Titubeó un rato, pero como vio que yo no le iba a quitar la vida, confesó que había entrado en la choza a descansar y que allí había encontrado mi pan.

—Era difícil quedarse sentado sin coger un poco —añadió.

Hablamos de diferentes cosas. Sus expresiones no eran muy groseras, y sabía comer bien. Yo estaba en un estado de semicivilización, y su conducta me parecía bien.

Se ofreció a llevarme la carga un rato, en agradecimiento a la comida; yo acepté la oferta. Así ocurrió que aquel extraño regresó conmigo a la choza.

Cuando entré, vi en seguida un papel encima de la mesa.

Era una especie de gracias por el pan; un papel horriblemente grosero, con expresiones bastante sucias.
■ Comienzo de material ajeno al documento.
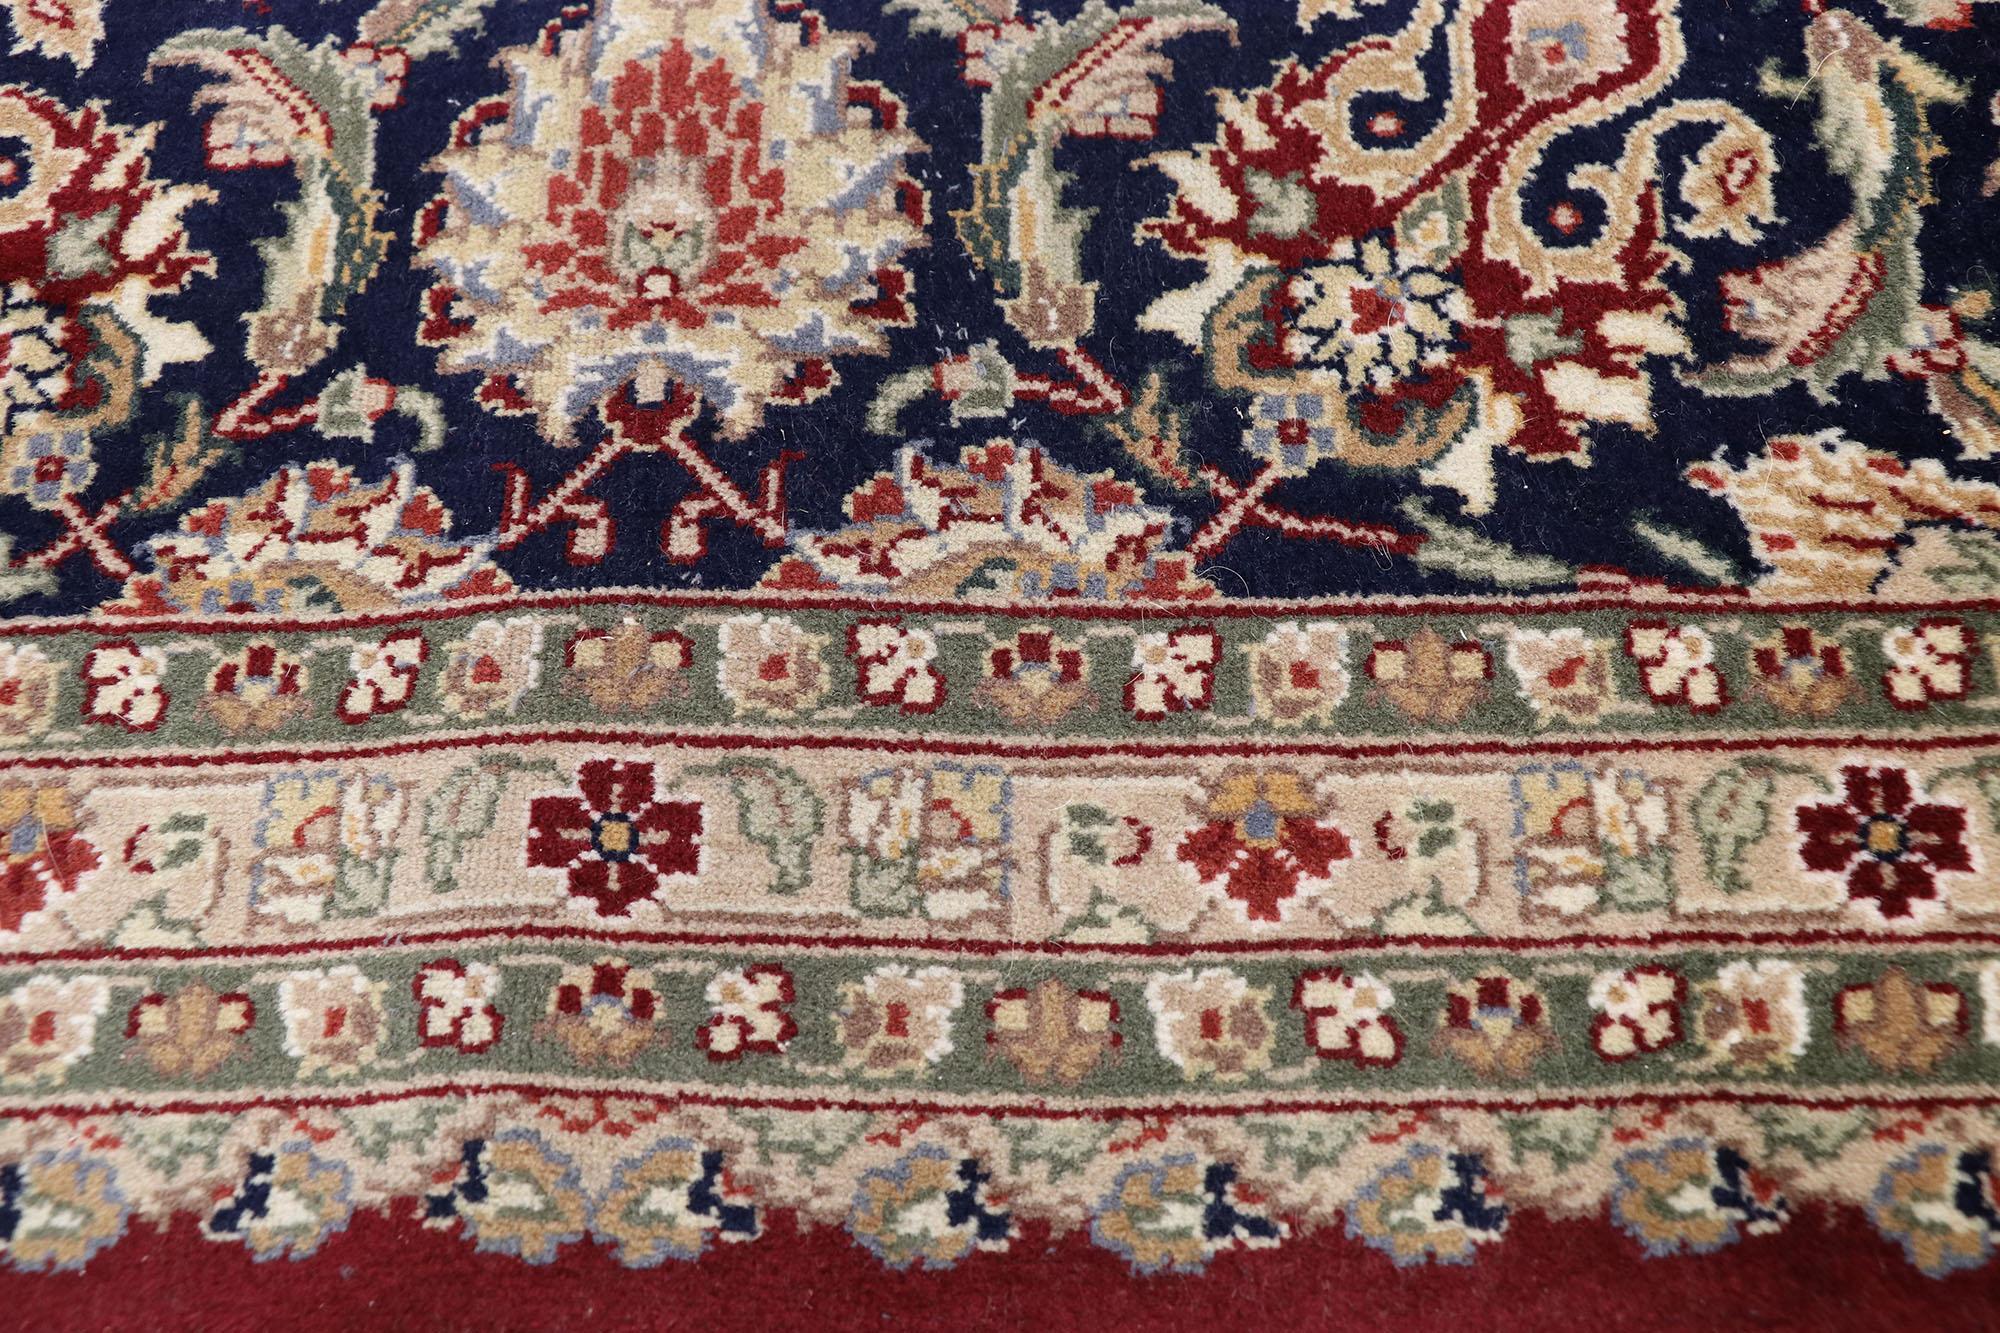 Vintage Chinese Persian Tabriz Design Rug with Colonial and Federal Style In Good Condition For Sale In Dallas, TX

Cuando Solem vio lo que yo leía, empezó a sonreír con su cara de hierro. Pretendí no entender nada del asunto y arrojé el papel sobre la mesa.

Él lo cogió y lo rompió.

—Siento en el alma que haya visto usted esto —dijo—. Nosotros, los peones camineros, estamos acostumbrados a hacerlo. Me olvidé de que lo había dejado aquí.

Poco después, salió.

Se quedó aquella noche y el día siguiente; se le ocurrió lavarme alguna ropa y me fue útil en todo lo que pudo, el pobre muchacho. Delante de la choza quedaba, de la época en que vivía el lapón, un caldero grande; estaba roto y se salía por todas partes; pero Solem lo untó con tocino, y en él coció mi ropa. Era muy gracioso verle; cada vez que la grasa subía, él la tiraba. Por lo visto quería quedarse conmigo hasta que se nos volvieran a acabar las provisiones y bajar conmigo al lugar; pero cuando se enteró de que yo me proponía ir a otro sitio, al Berghof, allá, debajo de Torezinnen, adonde van los veraneantes y por donde pasan muchos turistas, él también quiso venir.

Es que era un pájaro libre.

—¿Entonces puedo ir con usted, llevando su carga? —me preguntó—. También estoy acostumbrado al trabajo del campo; puede que allí encuentre algo que hacer.